Erklärung: Miriam startet anders in die Party-Nacht als Jana: Sie lässt das Abendessen aus und treibt Sport, wodurch der Blutzuckerspiegel absinkt. Zusätzlich gibt sie sich Insulin für den Cocktail. Der Blutzuckerspiegel, der noch auf die körperliche Anstrengung reagiert, sinkt in diesem Fall schneller als bei Jana. Die Schwankungen und die körperliche Anstrengung in Kombination mit fehlender Energie erschöpfen die Typ-1-Diabetikerin. In der Nacht wird die Situation gefährlich, da Miriam vor dem Einschlafen nicht mehr misst oder etwas isst. Die Blutzuckerwerte rasen weiter in den Keller und die Symptome werden nicht rechtzeitig erkannt. Auch wenn Miriam noch eingreifen kann, zeigt dieses Beispiel, was eine Verkettung von Ereignissen auslösen kann.

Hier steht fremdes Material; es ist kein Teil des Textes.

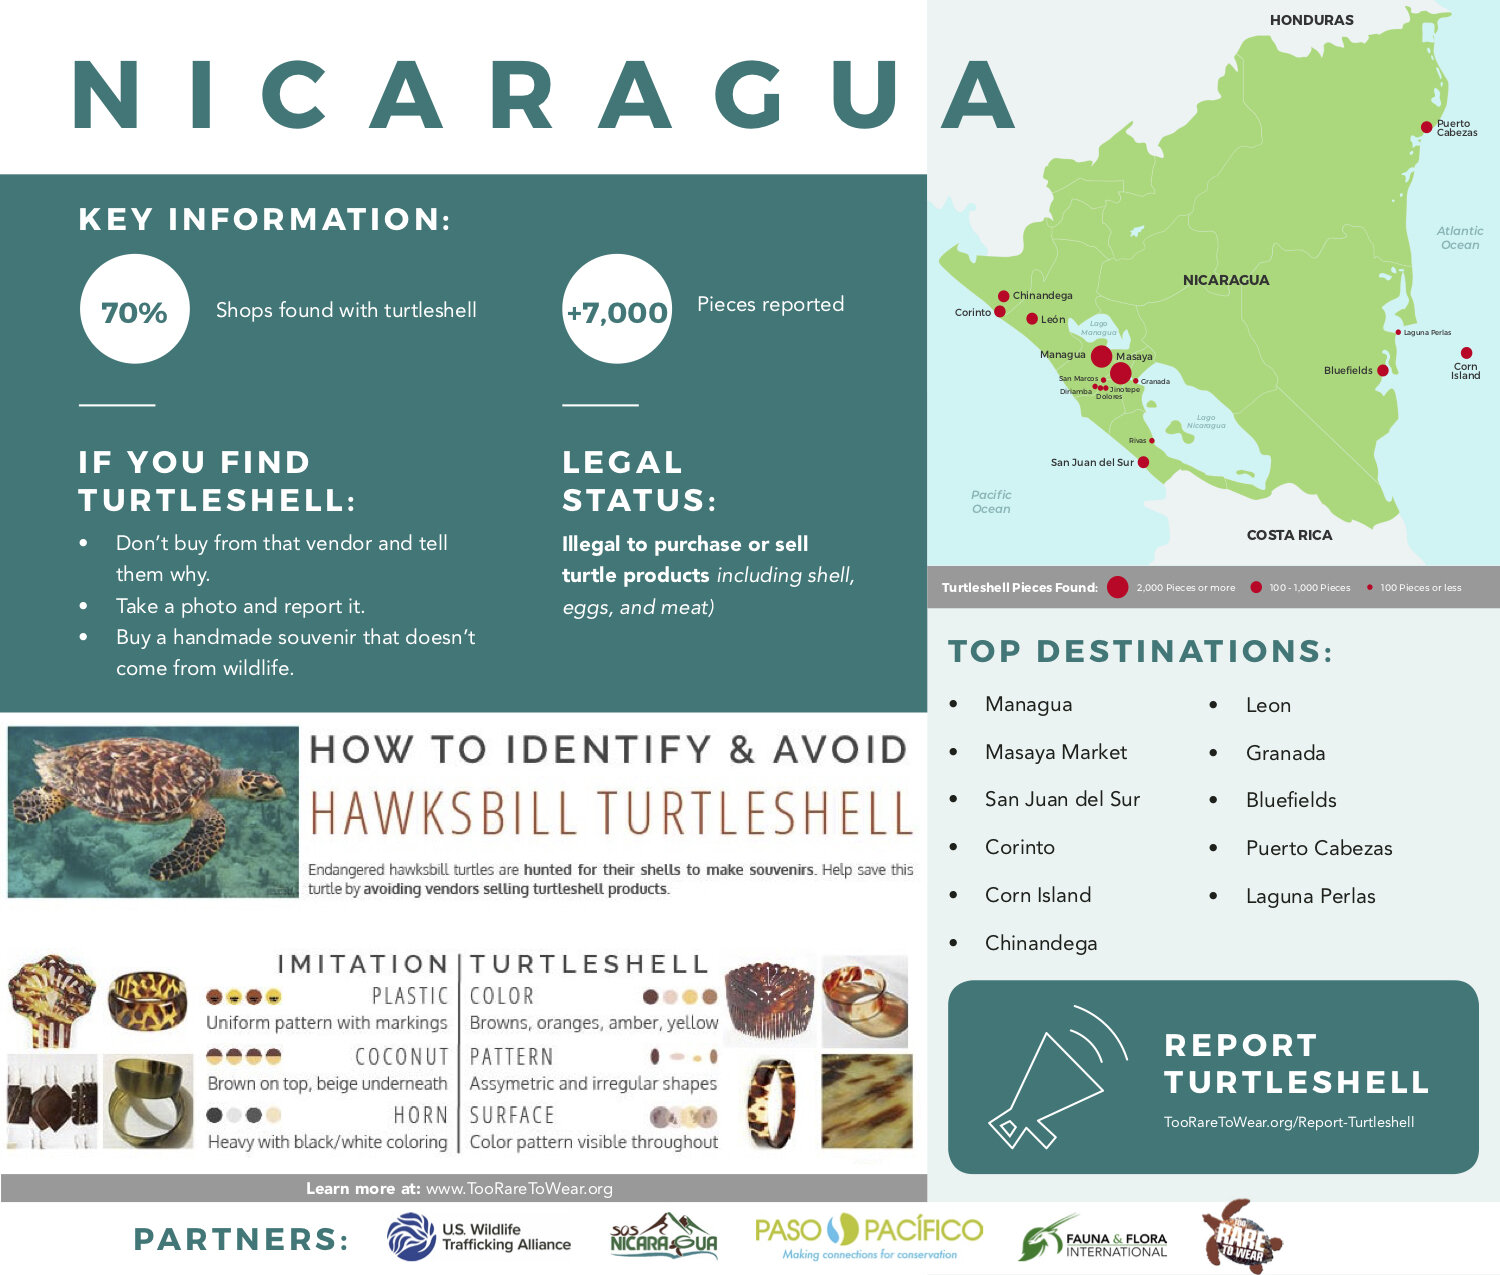 Nicaragua Destinatin Guide.jpg

Tipp: Bedenken Sie stets, dass diverse Faktoren den Blutzuckerspiegel beeinflussen und sorgen Sie für eine gute Grundlage, bevor Sie etwas trinken. Informieren Sie vertraute Personen, wenn Sie einen Blutzuckerabfall bemerken.
Beispiel 4: Dass der Blutzuckerspiegel aber nicht immer sinkt, zeigt das vierte Beispiel: Nach einer Erkältung geht es Astrid wieder gut, doch die Blutzuckerwerte schwanken noch. Sie ist auf einer Hochzeit eingeladen. Dort wird zum Essen ein Sektcocktail mit Sirup serviert. Aus Angst vor einer Unterzuckerung spritzt sich Astrid kein Insulin. Die Werte schnellen in die Höhe und fallen ohne die Gabe von Insulin nicht mehr ab.
Erklärung: Für einen speziellen Fall steht Astrid mit der gerade überwundenen Erkältung. Infekte können dazu führen, dass die Insulinempfindlichkeit sinkt und eine Resistenz verursachen. Dabei endet die durcheinandergeratene Stoffwechsellage nicht automatisch mit dem Ende der Erkältung. Astrid weiß, dass der Blutzuckerspiegel durch die Alkoholwirkung sinkt und vergisst dabei, dass ihr persönlicher Insulinbedarf gerade erhöht ist. Der Sektcocktail mit Sirup lässt die Werte ansteigen und bringt den Blutzucker weiter aus dem Gleichgewicht.
Tipp: Bei einem bereits entgleisten Stoffwechsel und Blutzuckerschwankungen sollten Sie auf Alkohol verzichten, um Komplikationen vorzubeugen. Denken Sie zudem daran, jede Situation individuell zu betrachten.